Participants who followed a vegetarian diet consumed mostly vegetables, fruits, grains, and nuts. Of the animal products, they only consumed low-fat yogurt every day.
“A vegetarian diet was found to be the most effective diet for weight loss. We have also shown that a vegetarian diet is more effective in reducing intramuscular fat and improving metabolism. The results are important for people trying to lose weight, including those affected by metabolic syndrome and/or type 2 diabetes,” explains Dr. Hanna Kahleova from the American Physicians Committee for Responsible Medicine.
She adds that the fatty tissue in the participants' thighs was examined to determine which diet worked and how. To do this, the researchers used MRI. They found that the two diets led to similar reductions in subcutaneous fat, while subfascial and intramuscular fat decreased only under the influence of the vegetarian diet.
Vegetarian weekly plan with a maximum of 1400 calories per day
If you think about it, there is no magic in weight loss diets, it's that simple. If you consume fewer calories from food than you burn, you will lose weight. There is a clear energy balance at play here.
We offer you a low-calorie weekly plan that you can stick to if you have decided on a vegetarian diet for weight loss. During this time you should also drink plenty of water, at least 1.5 liters per day. View your physical activity and diet as a gift to yourself.
Montag
Breakfast: A cup of low-fat yogurt with a spoonful of honey and a banana. You can also add cinnamon.
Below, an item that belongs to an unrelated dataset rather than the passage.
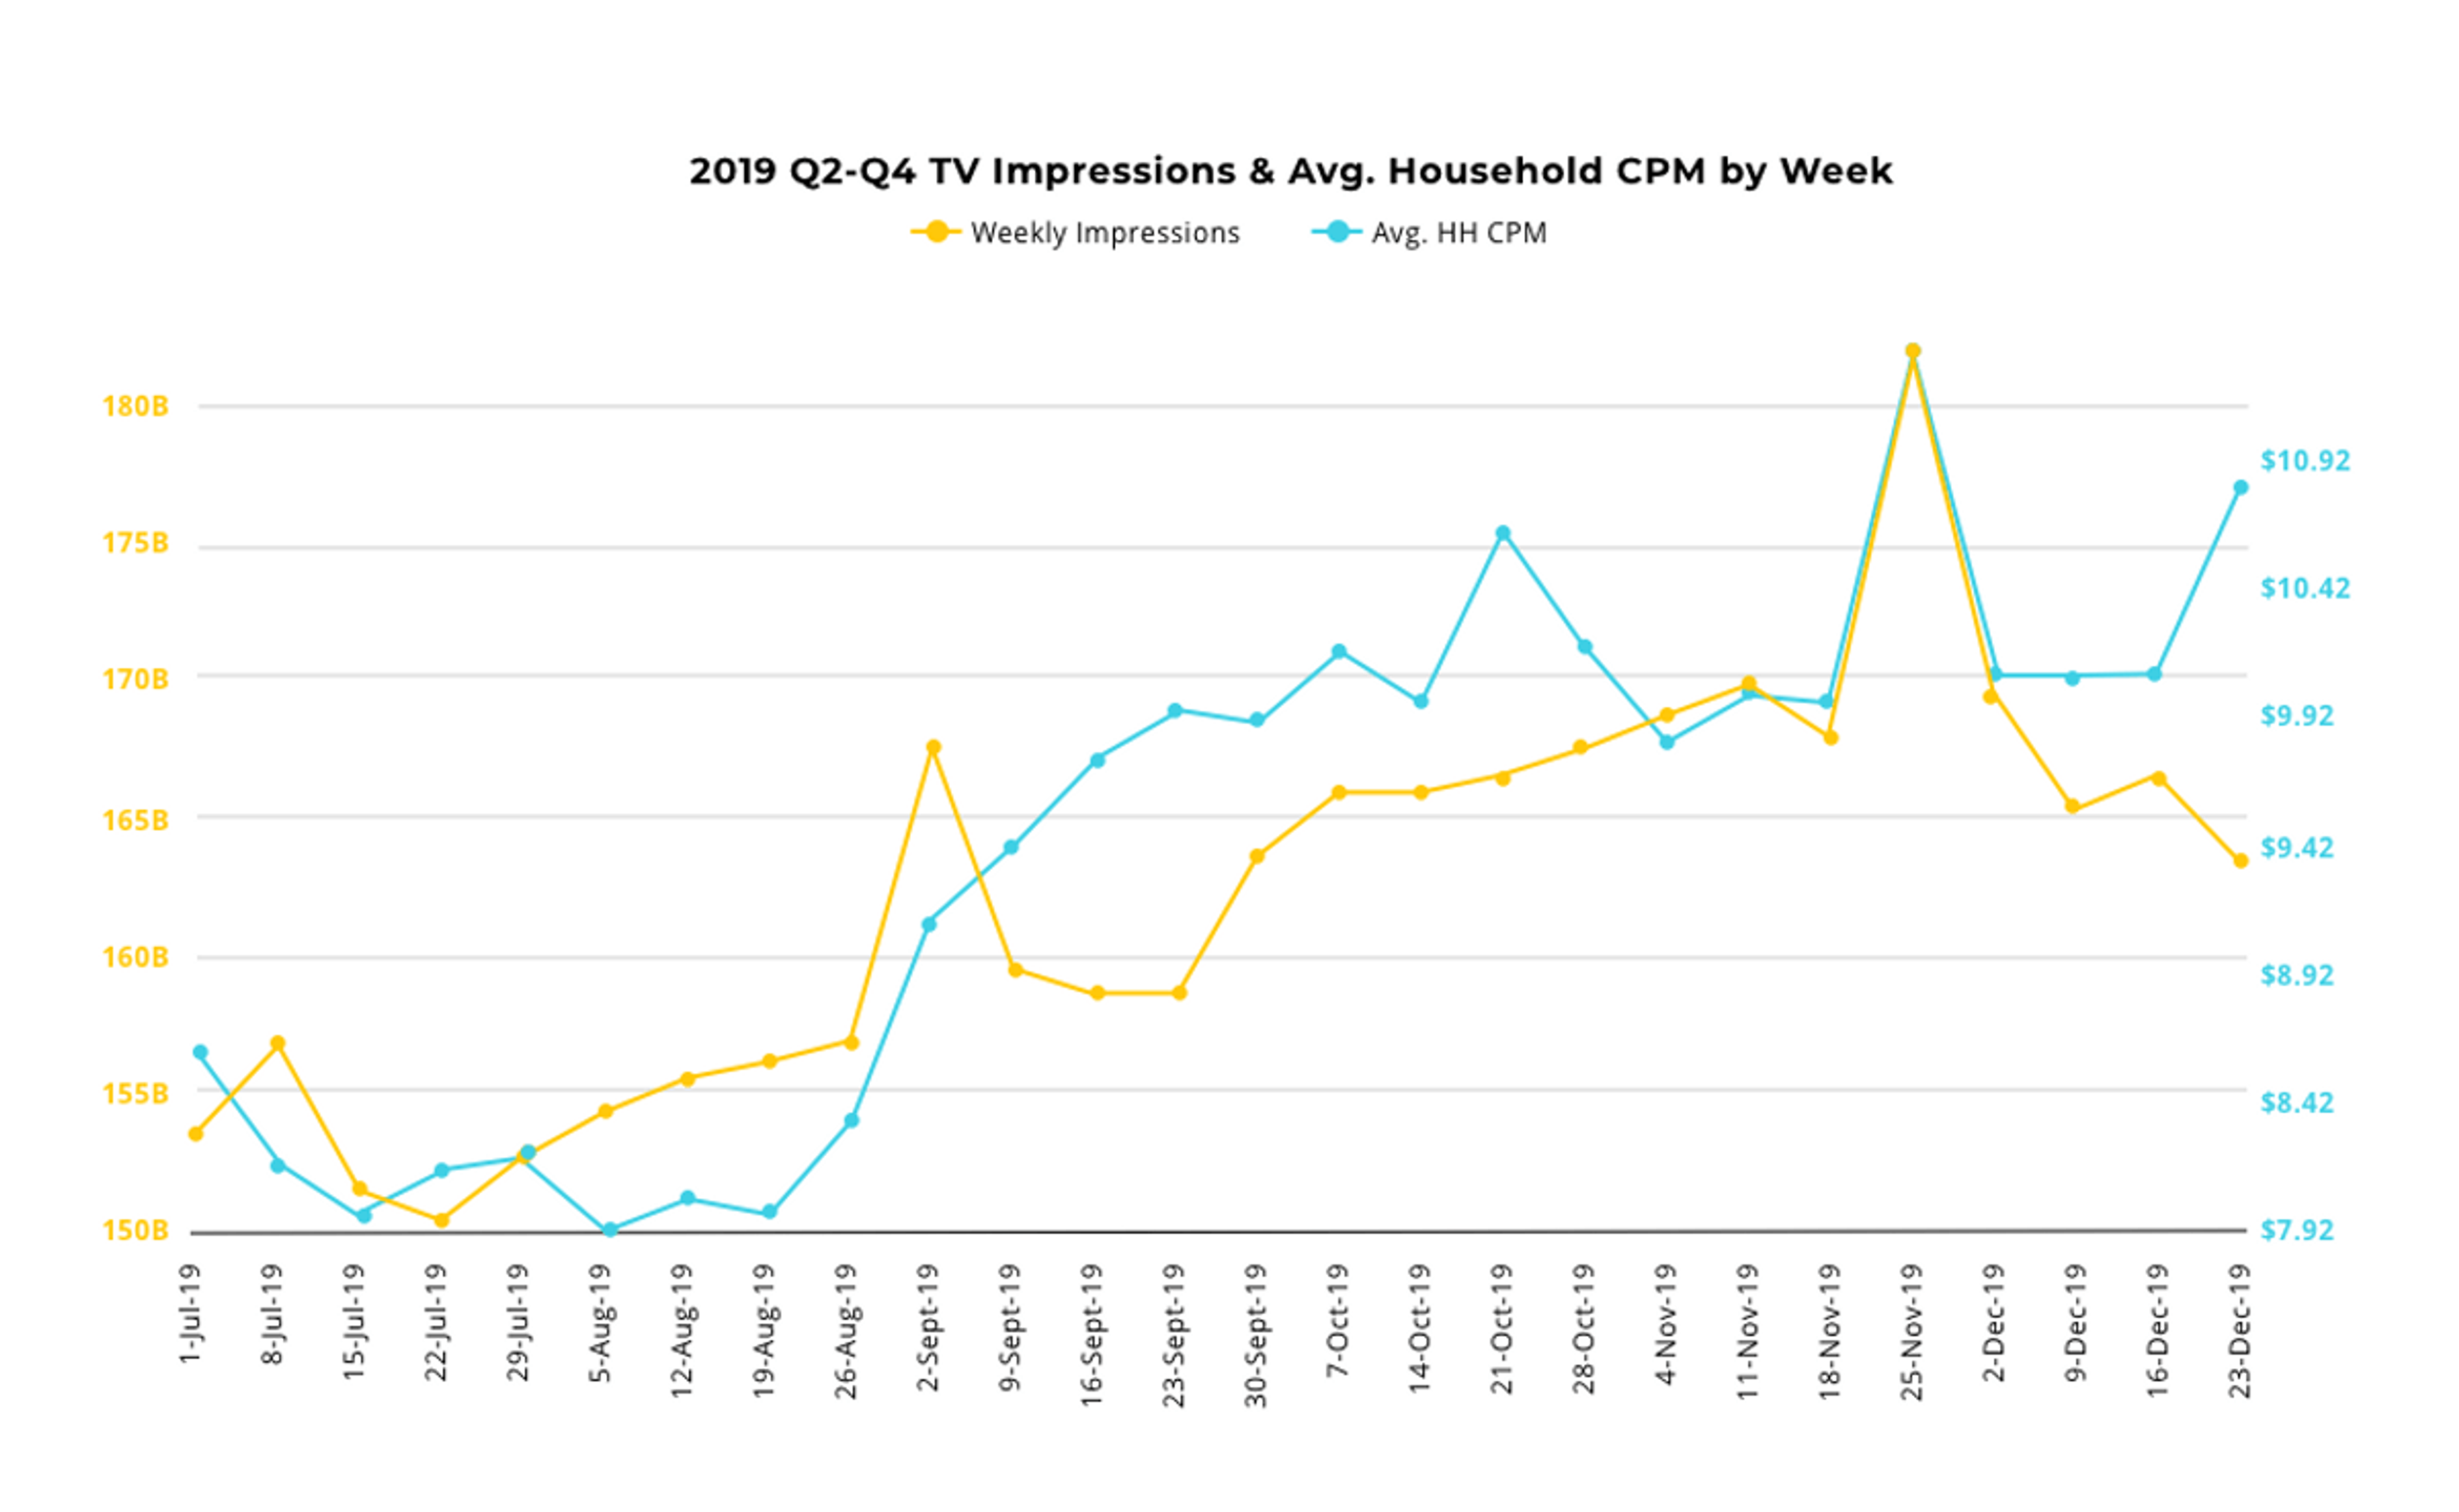 Line chart showing Q2-Q4 2019 TV impressions and avg. household CPM by week.

Lunch: Vegetable soup without potatoes (500 ml) and a slice of wholemeal bread
Dinner: Baked eggplant or zucchini
Tuesday
Breakfast: Boiled egg, a slice of whole wheat bread and grapefruit
Lunch: Salad with seasonal vegetables (400 g) and two baked potatoes
Dinner: Beans in tomato sauce, you can add some chili for better digestion
Wednesday
Breakfast: 50g porridge in water with a teaspoon of honey and a fresh fruit of your choice
Lunch: a piece (150 g) of vegetable pizza made from wholemeal or gluten-free dough and a salad with seasonal vegetables (300 g)
Dinner: Mushrooms steamed in vegetable oil (200 g) and salad (200 g), seasoned with a little olive oil and lemon
Thursday
Breakfast: a cup of low-fat yogurt with a spoonful of honey, a spoonful of flax seeds and a banana
Lunch: Grilled tofu 100 g and salad with seasonal vegetables (300 g)
Dinner: Lentil soup (400 ml) and carrot salad (200 g)
Freitag
Breakfast: 2 toasted slices of whole wheat bread with tomato and half an avocado
Lunch: 200 g rice with vegetables
Dinner: steamed vegetables and 50 g of nuts
Saturday
Breakfast: Cup of low-fat yogurt with a spoonful of honey, a spoonful of flax seeds and blueberries
Lunch: Vegetable soup (500 ml) with a slice of rye bread
Dinner: 100 g whole-wheat pasta or gluten-free pasta with vegetable salad
Sunday
Breakfast: 2 scrambled eggs, a slice of whole wheat bread
Lunch: Salad with seasonal vegetables (300 g) and mushrooms steamed in vegetable oil (200 g)
Dinner: two large spoons of steamed brown rice, steamed cauliflower (200g) and boiled beetroot salad (250g)
Important
Any methods, information, and tips in this article are based on current studies and medical sources (at the time of publication). However, they are not suitable for self-diagnosis and treatment and in no way serve as a substitute for competent medical advice.
The nutritional method described is safe for many people, but not for everyone. If you are pregnant, breastfeeding, or have a medical condition, talk to your doctor before starting.